◆ **Listed entries**
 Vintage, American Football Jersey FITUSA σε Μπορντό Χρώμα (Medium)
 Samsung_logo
---
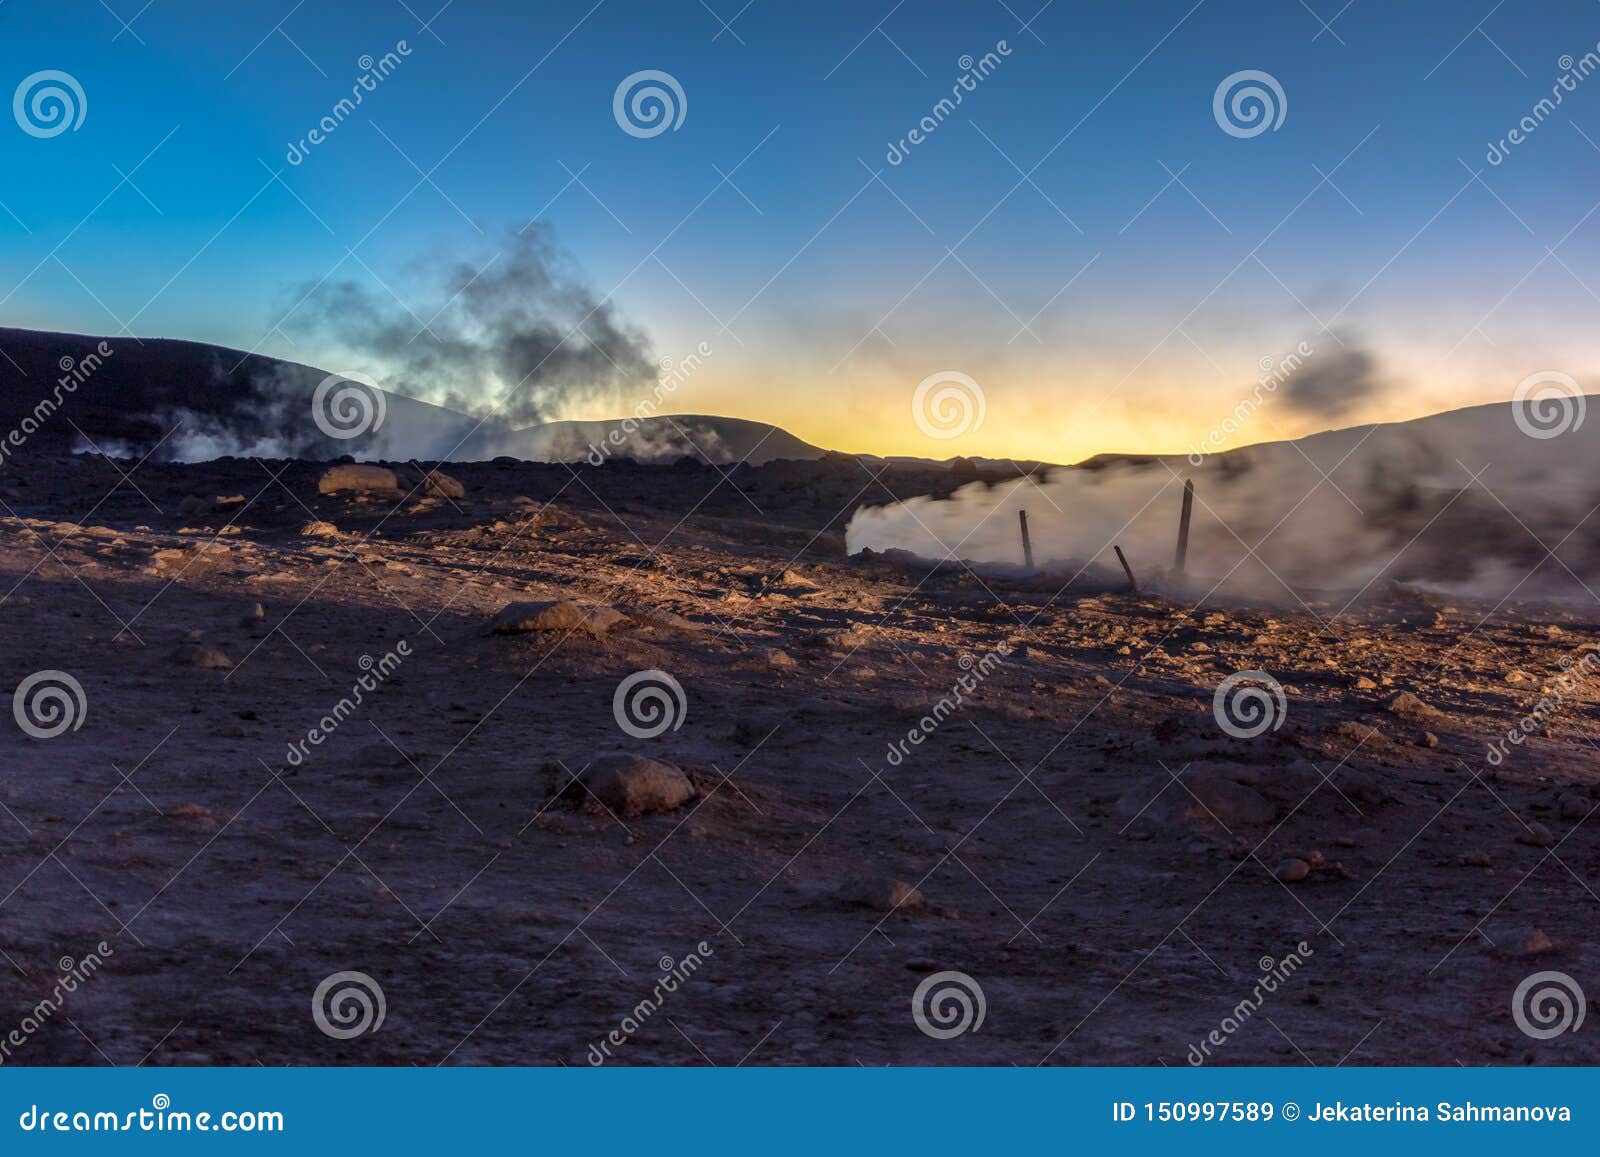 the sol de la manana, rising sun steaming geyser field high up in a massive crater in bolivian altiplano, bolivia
--
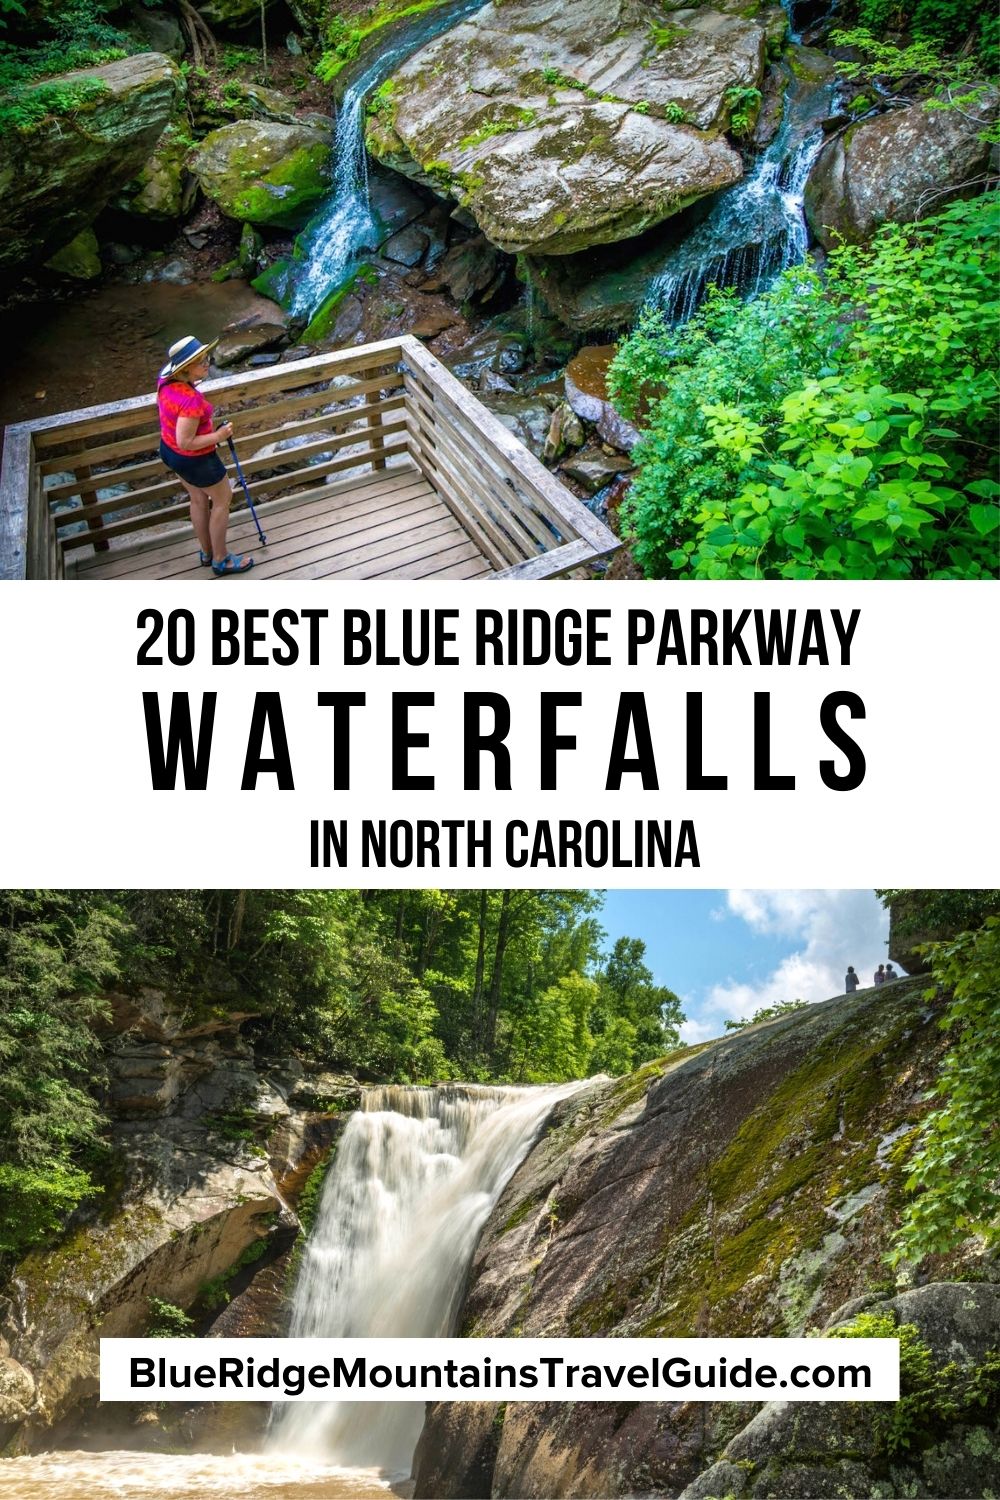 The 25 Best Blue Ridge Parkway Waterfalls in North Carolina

◆ **What is expected**
Retype only this portion of the data above: the line containing "Vintage, American Football", the line containing "Samsung_logo", and all lines between them, exactly.

◆ **Reply to the exercise**
 Vintage, American Football Jersey FITUSA σε Μπορντό Χρώμα (Medium)
 Samsung_logo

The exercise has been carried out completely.